Due to security flaws, Google’s TensorFlow project completely abandons support for YAML

TensorFlow, an open-source machine learning and artificial intelligence project provided by Google, has already given up support for YAML. The reason for the abandonment is that there may be security issues in continuing to support YAML. In the latest version, Google removes YAML support to solve the problem of untrusted deserialization vulnerability execution. The vulnerability number is CVE-2021-37678. The severity level is high and the CVSS score is 9.3. It was submitted to Google by researcher Arjun Shibu.

TensorFlow Quantum

YAML is a more readable format for expressing data serialization. Researchers found that the TensorFlow code loads the yaml.unsafe_load() function, using the flaw, the attacker can execute arbitrary code when the application deserializes the Keras model provided in YAML format. Deserialization vulnerabilities usually occur when applications read malformed or malicious data from untrue sources. The deserialization vulnerability in TensorFlow may lead to DoS denial of service. Worse, this vulnerability can even execute arbitrary code. This is why the CVSS score of this vulnerability reaches 9.3 points (out of 10 points).

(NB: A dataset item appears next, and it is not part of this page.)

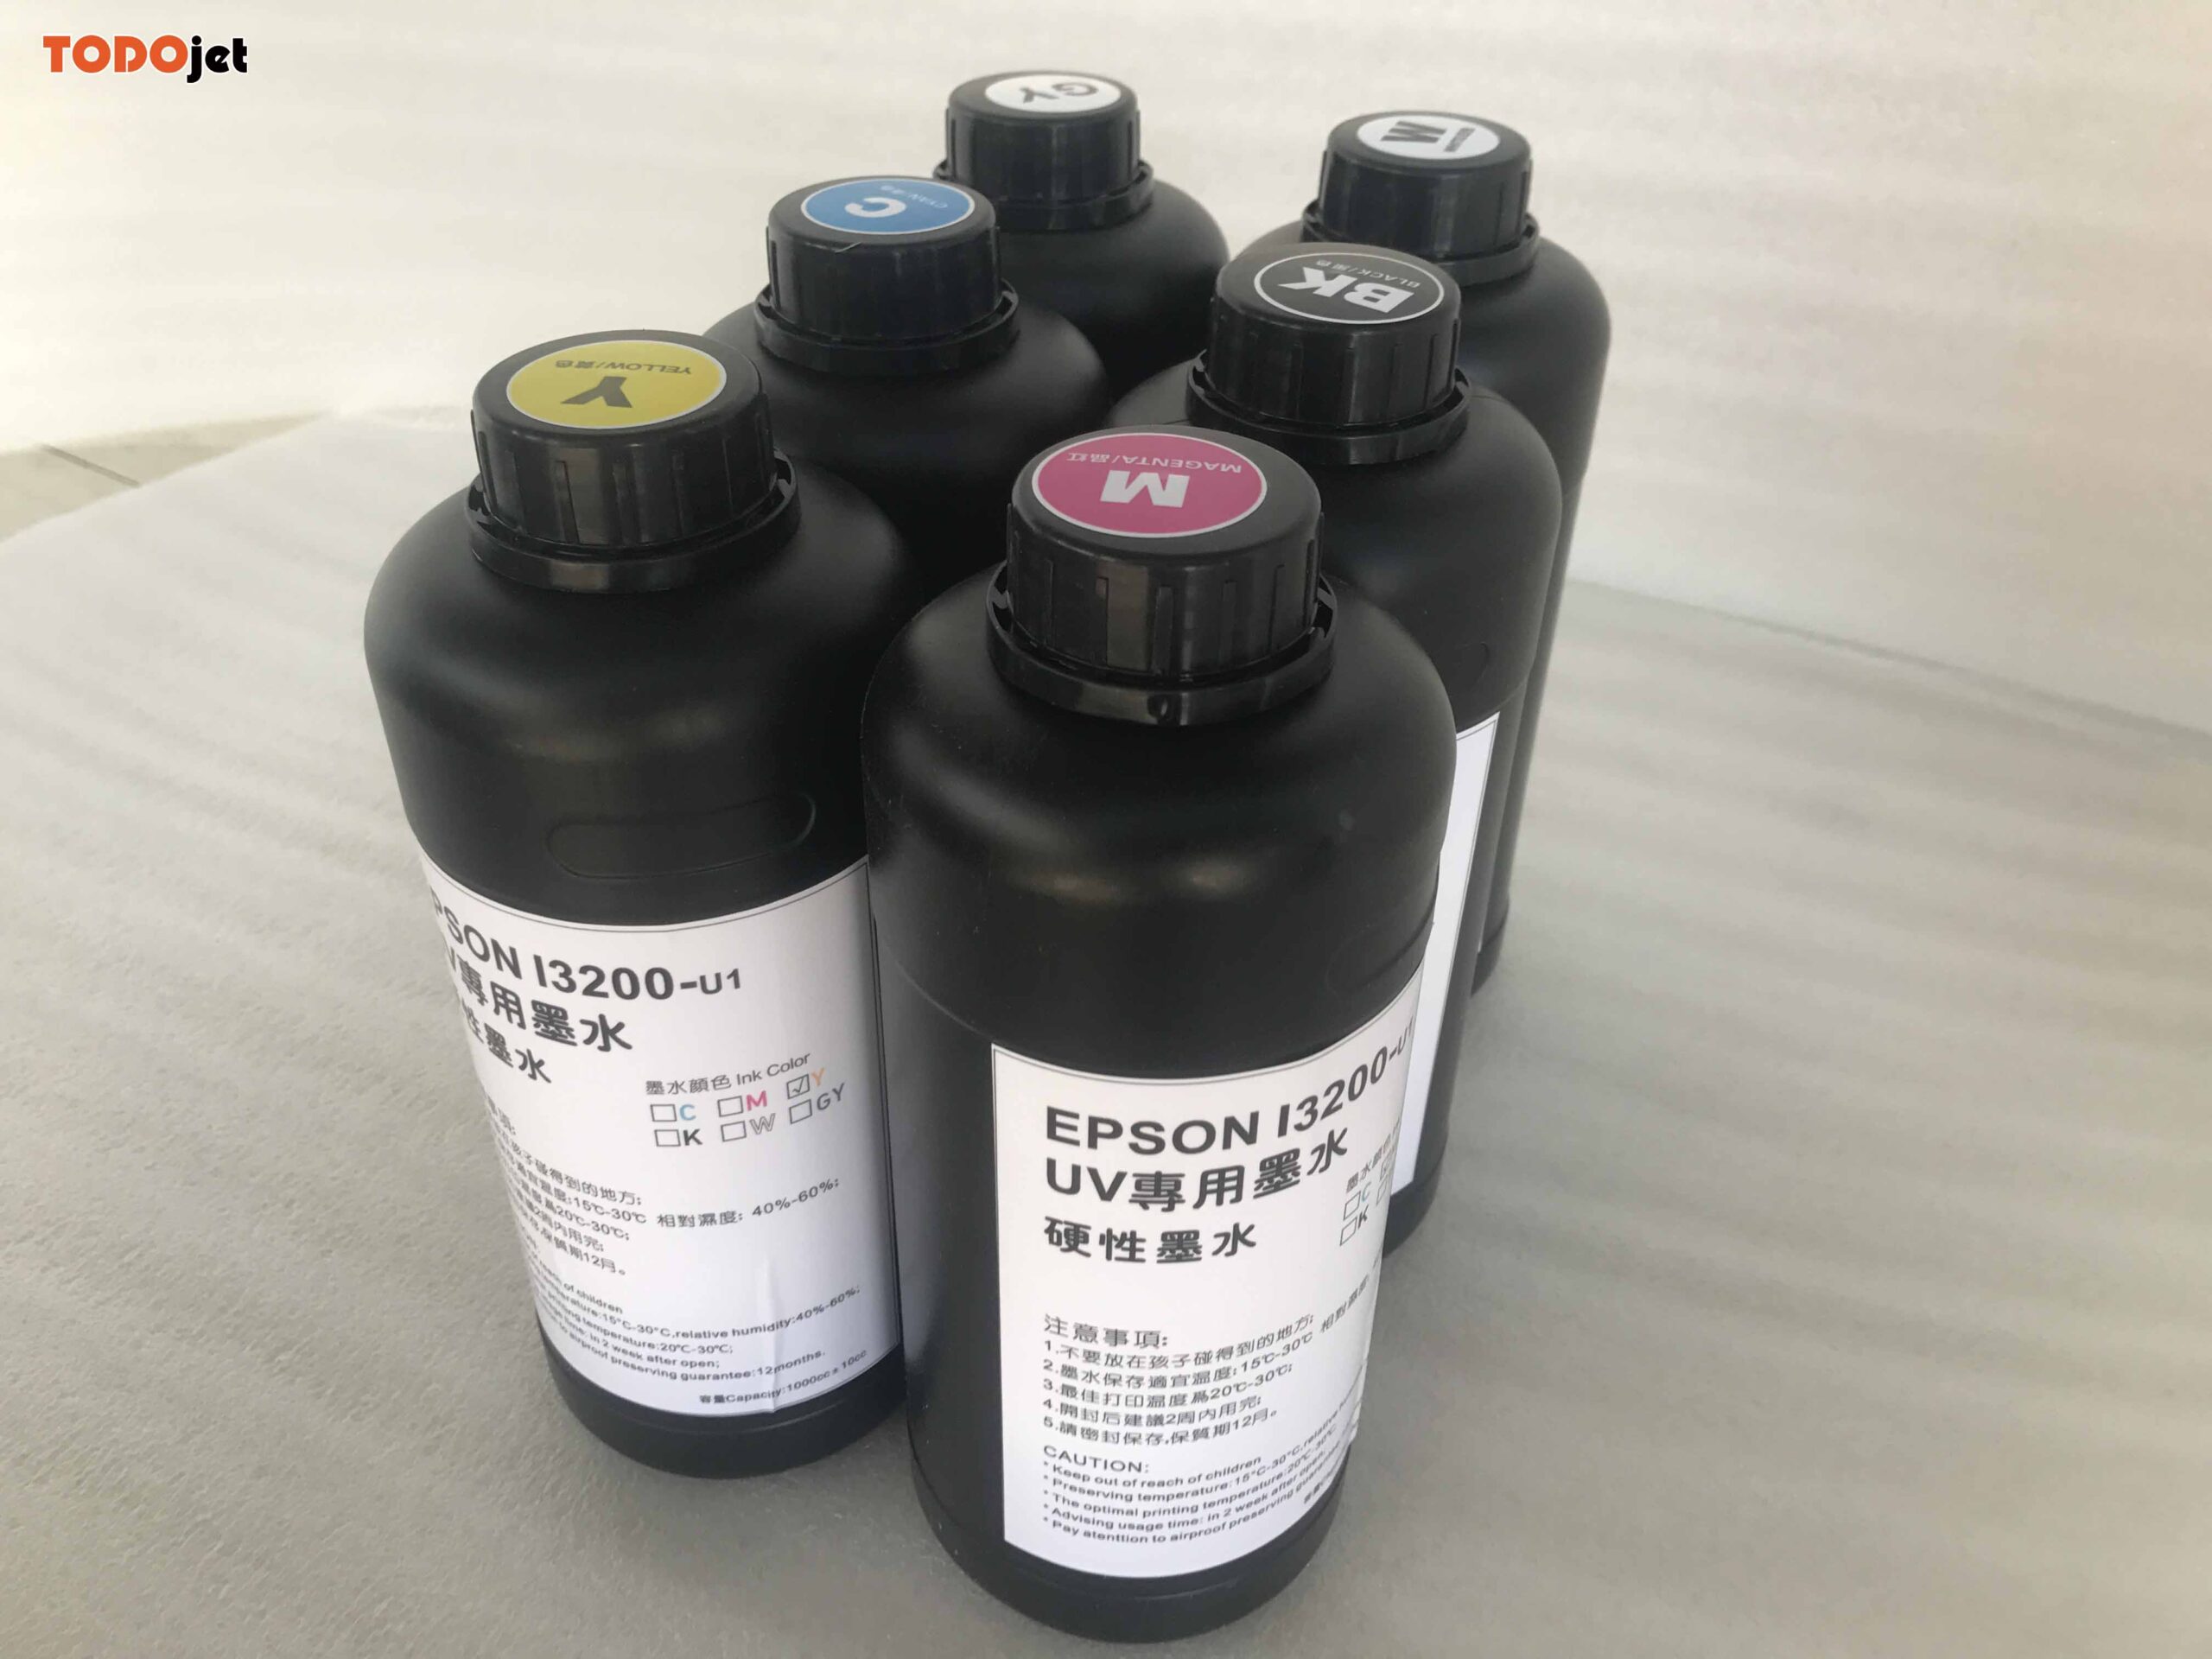 TODOjet 6 Colors UV Ink Soft Hard UV Print Ink Price For Printer For Epson 1390 TX800 L800 Printing on PVC and Glass Sheet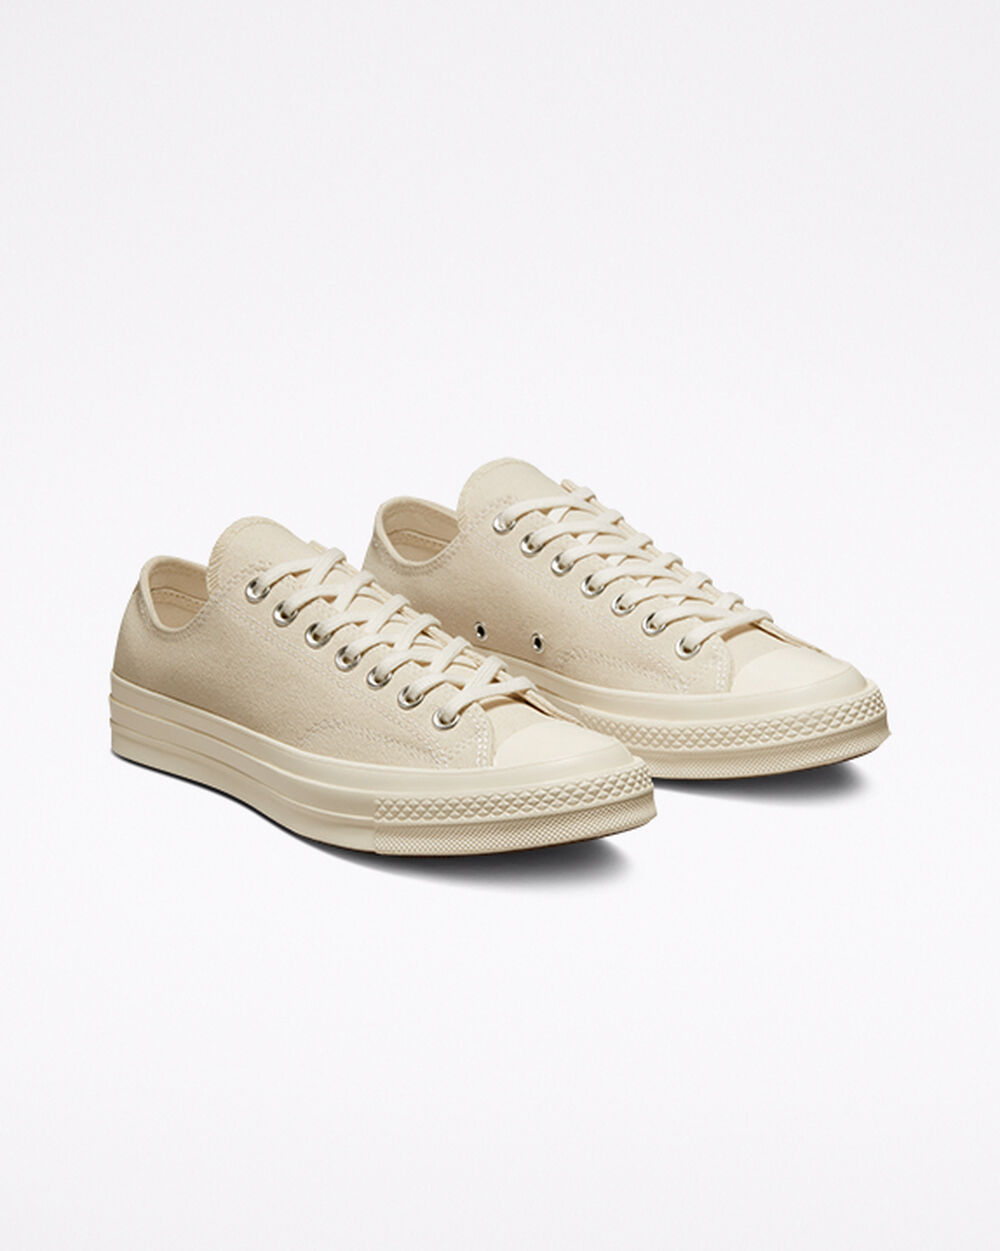 Tenis Converse Chuck 70 Mujer Beige Negros | Mexico-660456

The unsafe_load function can deserialize YAML data fairly freely and can parse all tags even those known to be untrusted tags. Ideally, unsafe_load should only be called on input from trusted sources without any malicious content, however, the attacker can also use the deserialization mechanism to execute the code that the attacker wants to execute by injecting malicious payload into the YAML data that has not been serialized.

After the researchers notified Google of the vulnerability, the maintainers of TensorFlow decided to completely abandon the use of YAML and switch to JSON deserialization. The maintainer also gave examples of other vulnerabilities and fixes caused by YAML. The maintainer recommends that developers use JSON deserialization instead of YAML, or a better alternative to H5 serialization.

It is worth noting that TensorFlow is not the only project that uses the YAML unsafe_load function. Searching on Github can find that a large number of Python projects use this unsafe function. In view of potential security issues, these projects should solve this problem in time, and developers who use these projects should also pay attention to safety.

In addition, TensorFlow is expected to resolve the vulnerability in version 2.6.0, that is, to remove YAML support. The previous versions of 2.5.1, 2.4.3, and 2.3.4 will also be fixed. Developers who use this project should upgrade to the latest version in time.